Measuring multiprocessor performance is a bit more complicated but we can do a good approximation of "Does it work or not?" with time(1)
. If I do it with your code as it is (with GCC gcc-4.8.real (Ubuntu 4.8.5-2ubuntu1~14.04.1) 4.8.5 invoked with gcc -W -Wall -Wextra -O3 -fopenmp openmptest.c -o openmptest
) I got
$ time ./openmptest 10000 10000 100
HamDist set
|Total time for two sets= 9.620011
|Total execution time= 9.620011
*|The Total Hamming Distance is: 1248788142
real 0m9.815s
user 0m9.700s
sys 0m0.116s
Where both, real and user are roughly the same value and also roughly the same as the normal version. If I remove schedule(dynamic, 10000)
completely and let Openmp decide for itself I get
$ time ./openmptest 10000 10000 100
HamDist set
|Total time for two sets= 9.187761
|Total execution time= 9.187761
*|The Total Hamming Distance is: 1248788142
real 0m4.819s
user 0m9.265s
sys 0m0.112s
That is 5/9 instead of 9/9. If I set omp_set_num_threads(2)

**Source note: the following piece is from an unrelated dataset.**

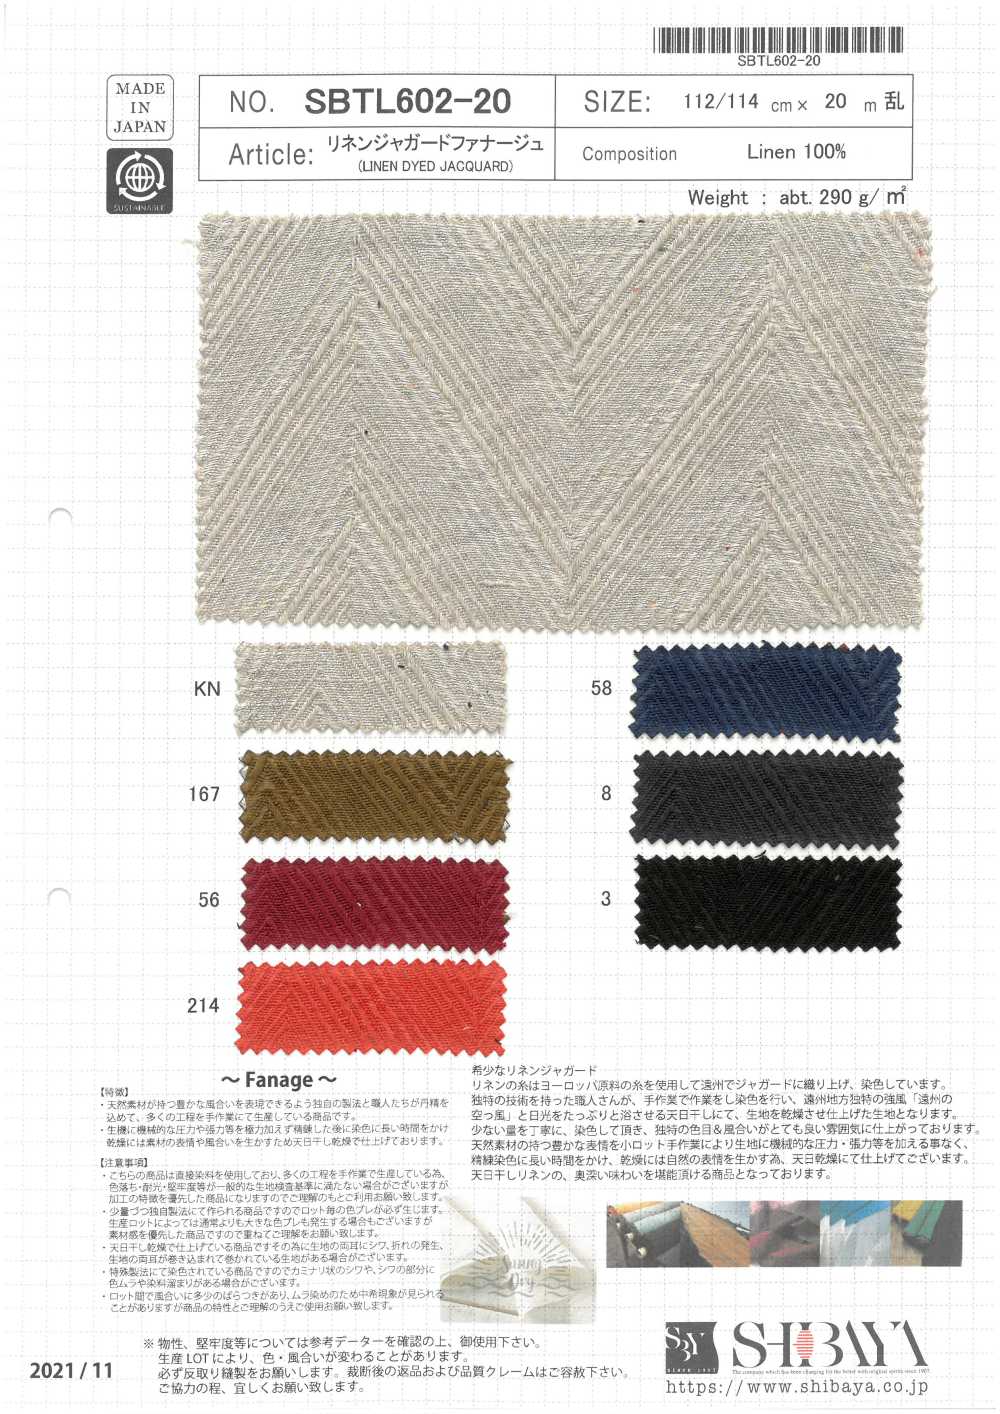 SBTL602-20 Linen Jacquard Fanage[Textile / Fabric] SHIBAYA

to 4 instead (I have four CPUs here.) I get
$ time ./openmptest 10000 10000 100
HamDist set
|Total time for two sets= 11.438243
|Total execution time= 11.438243
*|The Total Hamming Distance is: 1248788142
real 0m3.080s
user 0m11.540s
sys 0m0.104s
That is 3/11 < 5/9 < 9/9. So it works as expected if you let OpenMP do it itself. Removing omp_set_num_threads()
gave no difference to the last try.
You have a very simple program where OpenMP's defaults work quite well. Fine-tuning OpenMP is a science in and of itself but for example @Davislor 's comment about using reduction
seems to be a good one to start with.
BTW: You also have a lot of warnings, one of them is about shadowing count
which you declared two times, one before the loop and one inside. You should get rid of all the warnings. It happens more often than not that a very significant information is hidden in between those dozens of warnings.